Prescriptive analytics leverages big data and machine learning (ML) to provide recommendations, forecast outcomes, and prescribe courses of action. This ebook offers an in-depth look at how this type of analysis works and what you need to know before undertaking it.
From the ebook:
To understand prescriptive analytics, it’s important to have a basic working knowledge of the larger world of business analytics. Business analytics is a multi-stage process. Each step involves the analysis of data to reach a particular type of conclusion, the ultimate goal of which is to build the best possible strategy for optimized organizational action.
There are typically three parts described in business analytics:
- Descriptive analytics is the kind of analysis that is performed to describe an organization’s current circumstances. The data used in this instance can include customer feedback, sales numbers, website traffic—essentially any data that is a record of past events that can be used to analyze business up to the present.

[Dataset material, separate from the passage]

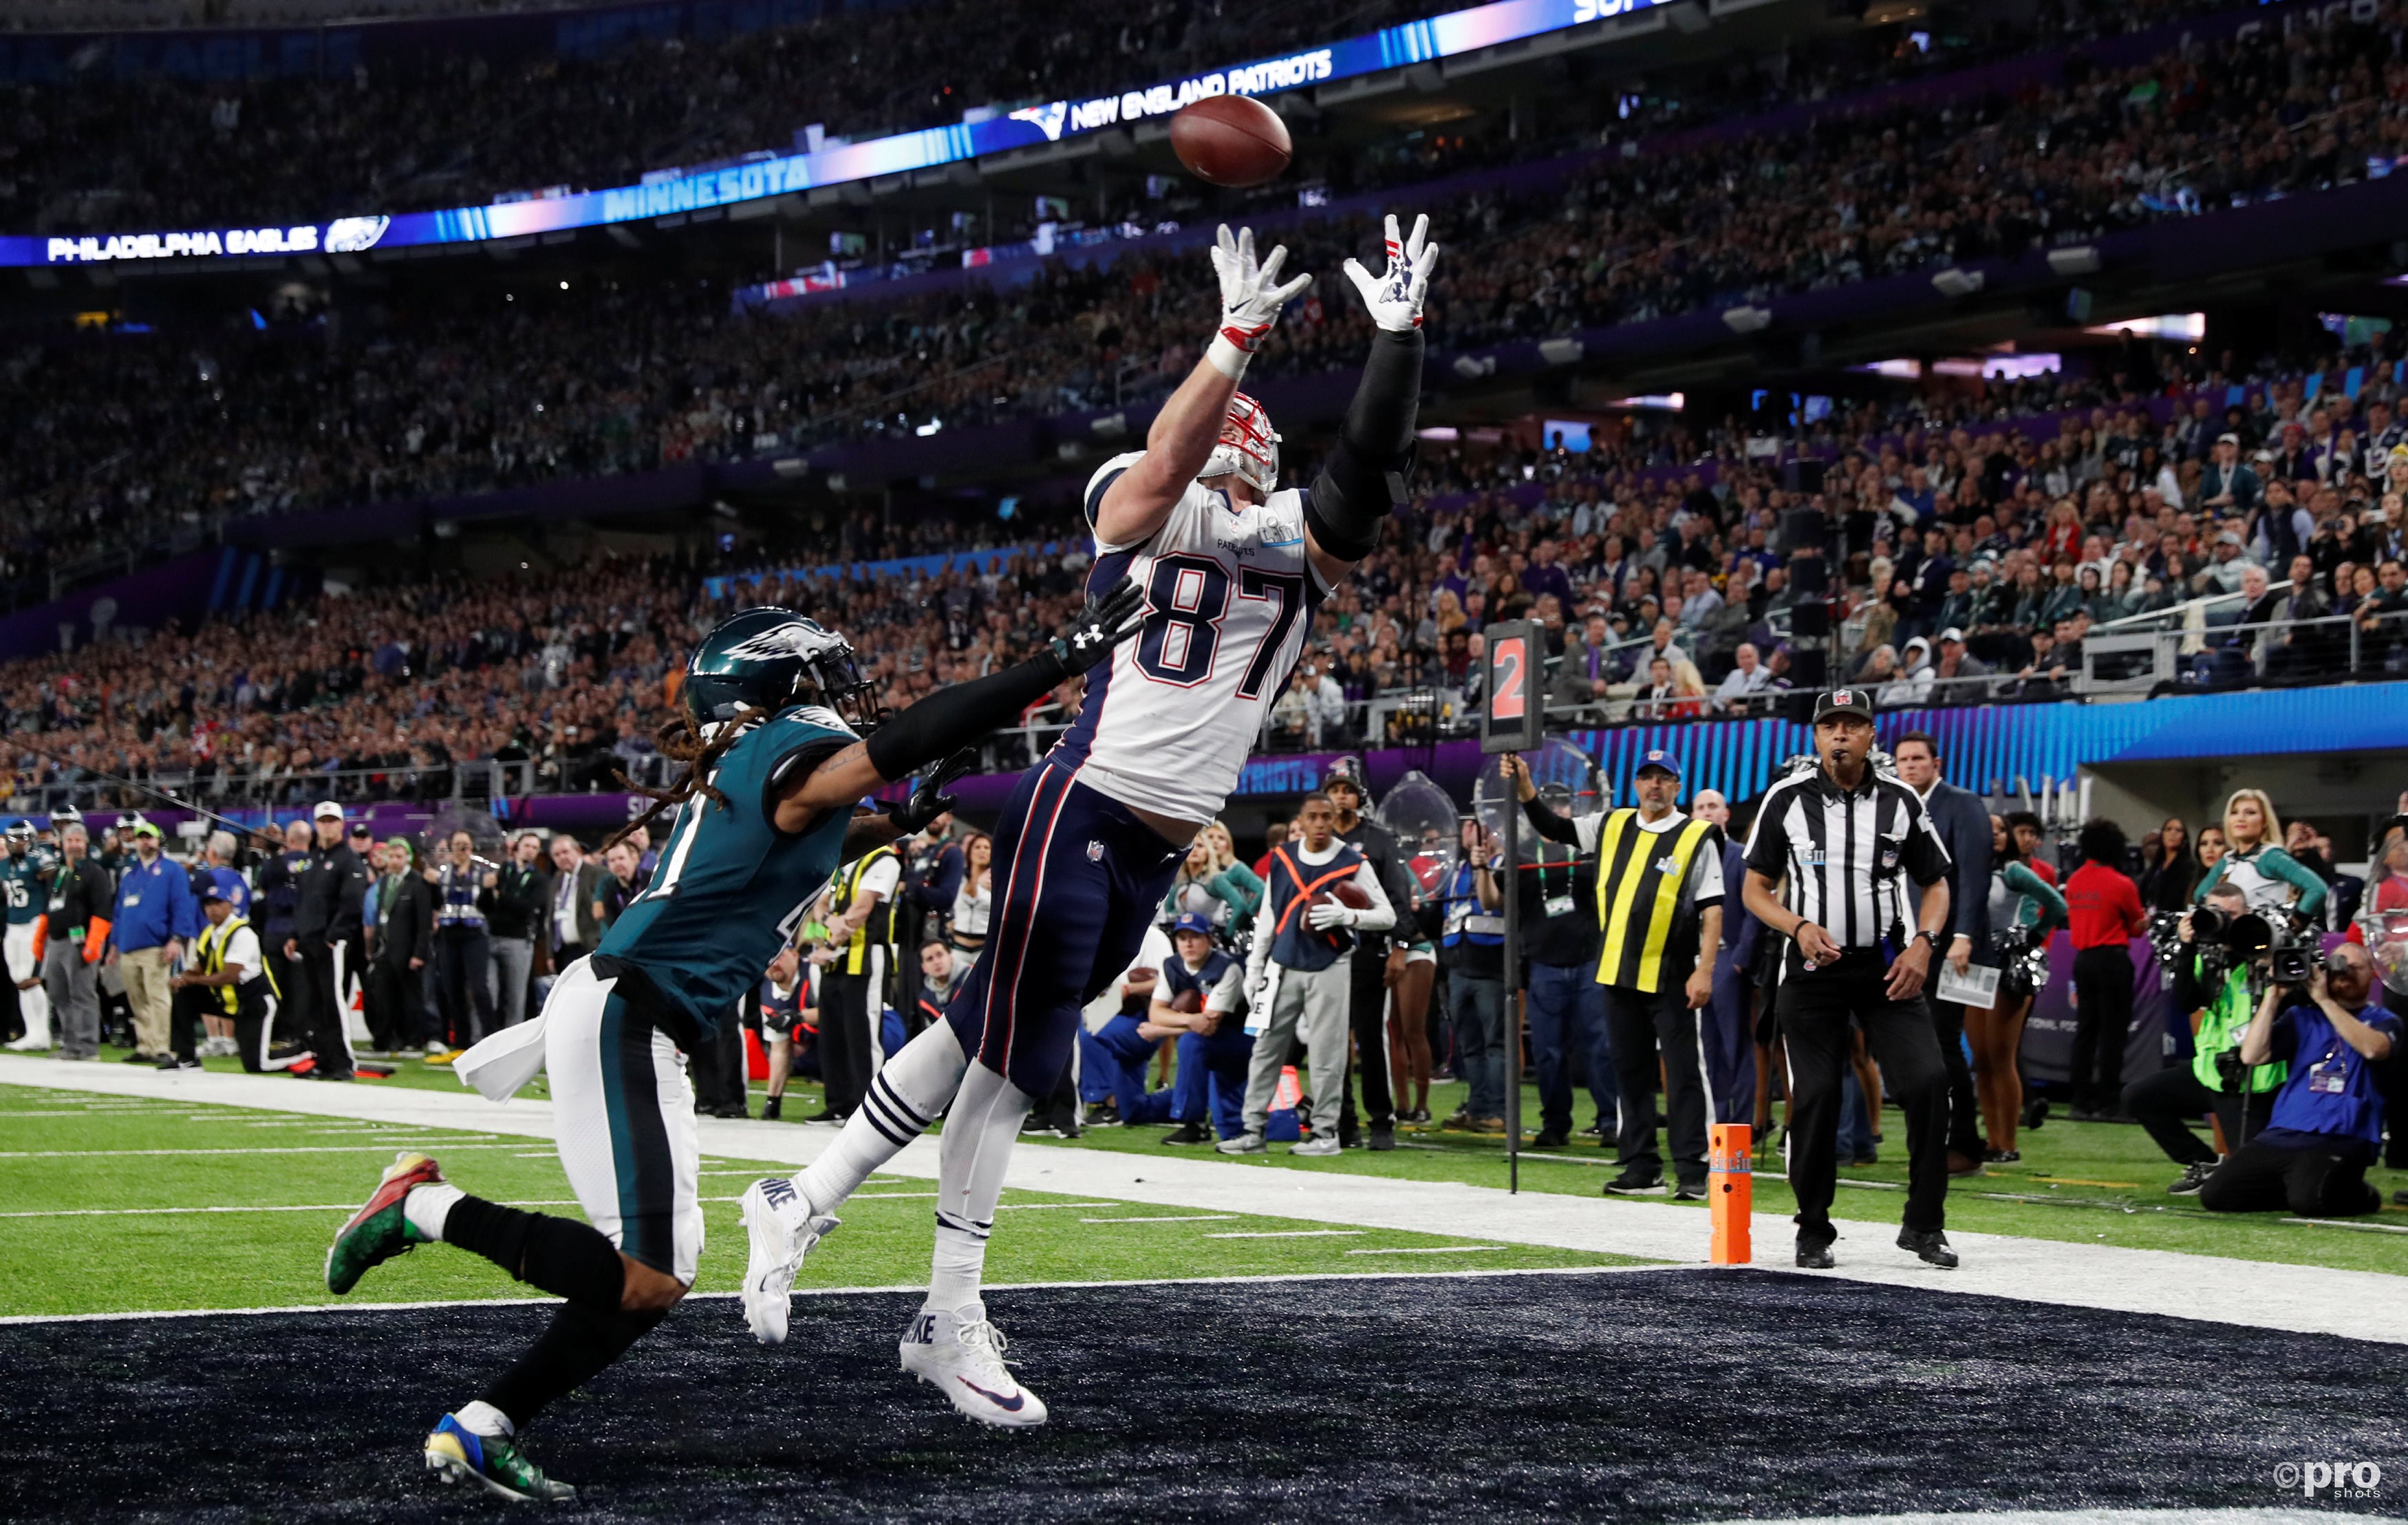 New England Patriots' Rob Gronkowski vangt de bal in de endzone na een mooie loopactie (Pro Shots / Action Images)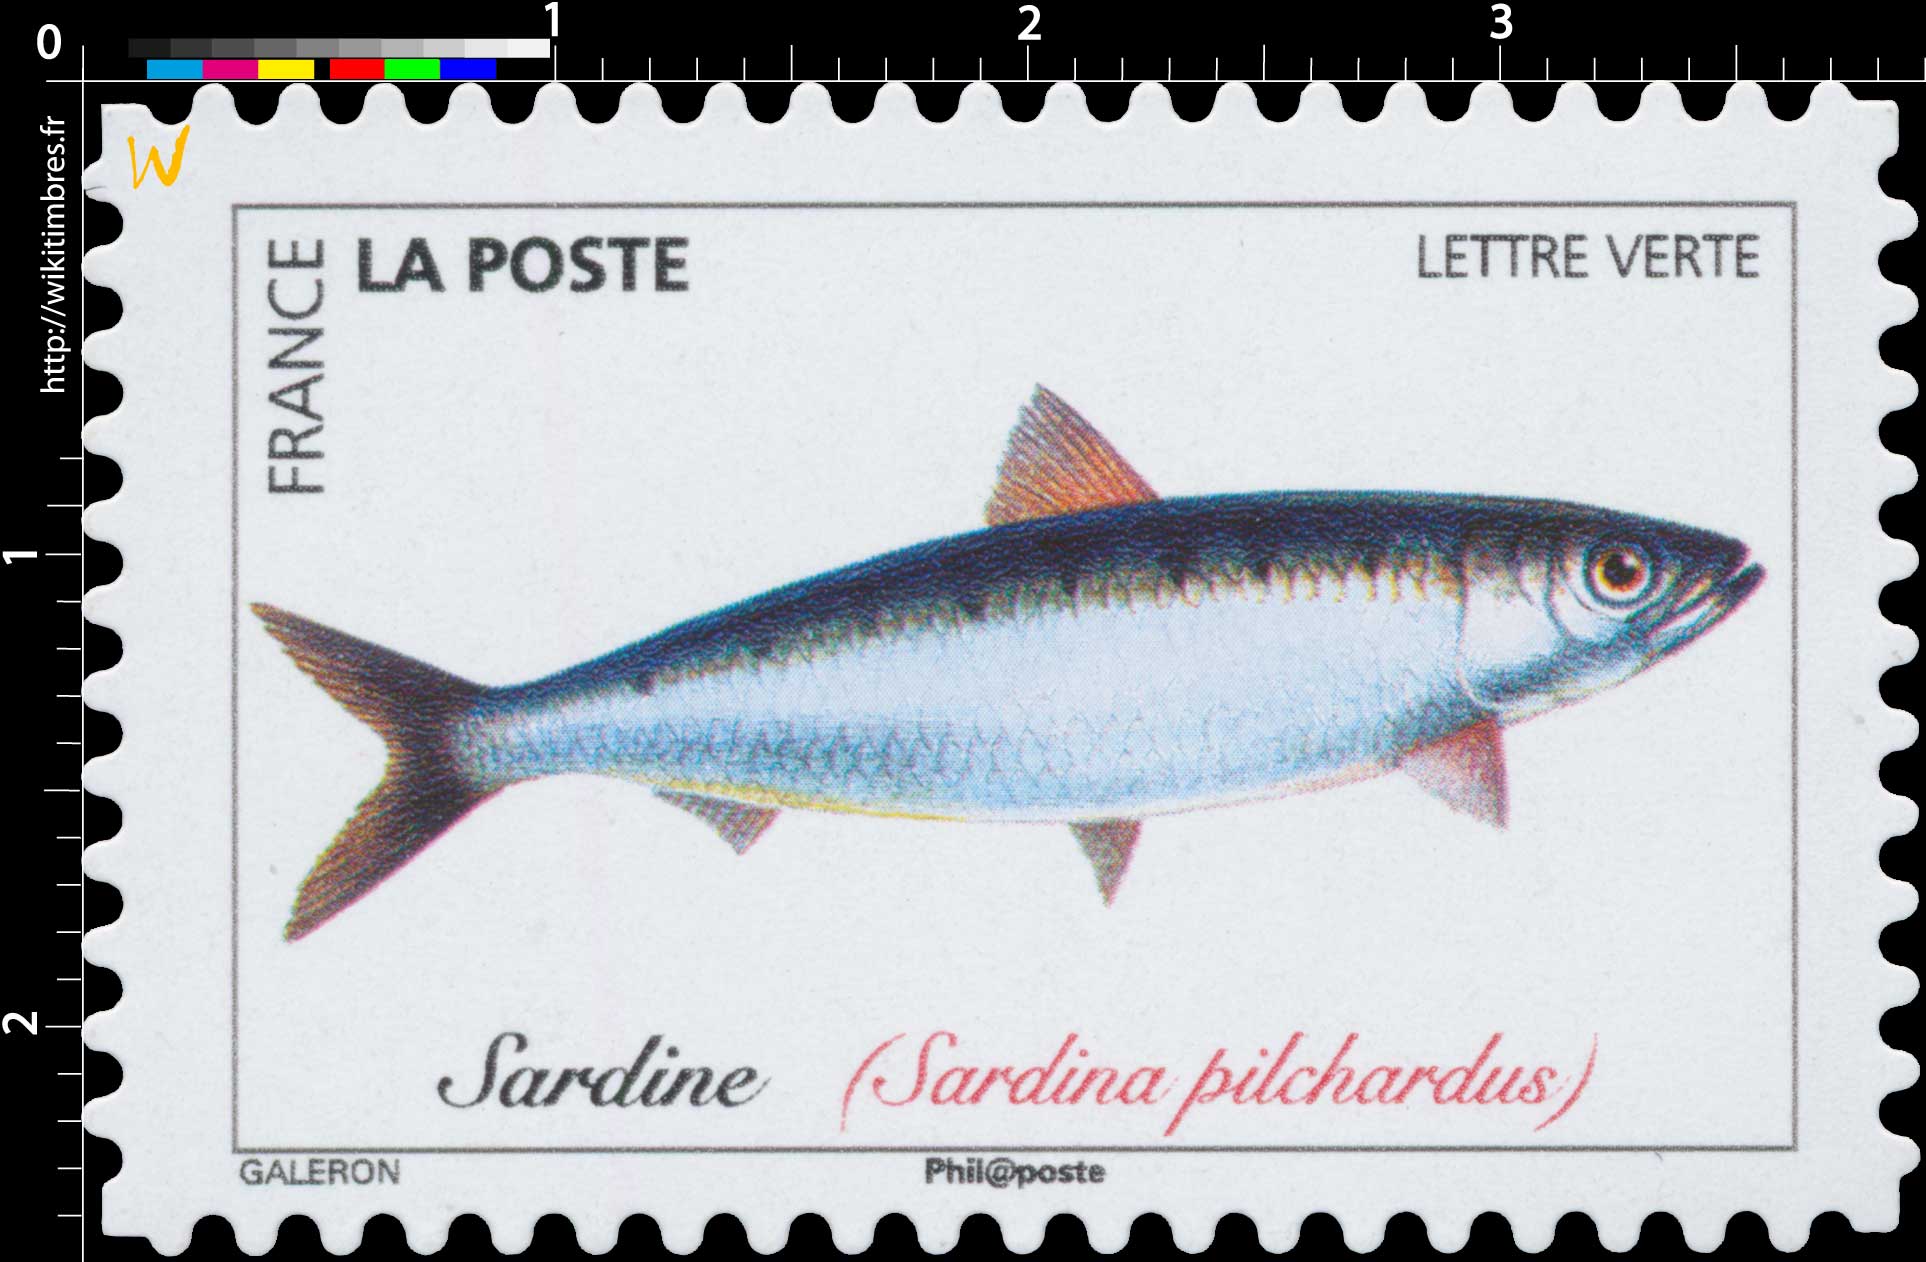 2019 Sardine (Sardina pilchardus)

- Predictive analytics uses the same type of data, and sometimes the descriptive outcomes, to predict what will happen given the current circumstances. Businesses often employ machine learning and various forms of predictive modeling to make predictions. Think of predictive analytics as what will happen if current organizational practices and habits remain the same.
- Prescriptive analytics is less fortune teller and more medical doctor. Instead of simply predicting what will happen, prescriptive analysis tweaks certain variables to achieve the best possible outcome, and then prescribes that course of action.
Businesses can employ one or all of these forms of analytics, but not necessarily out of order. To predict the future, you need to know what has already happened, and to change course, you have to know what’s likely to happen without that course correction.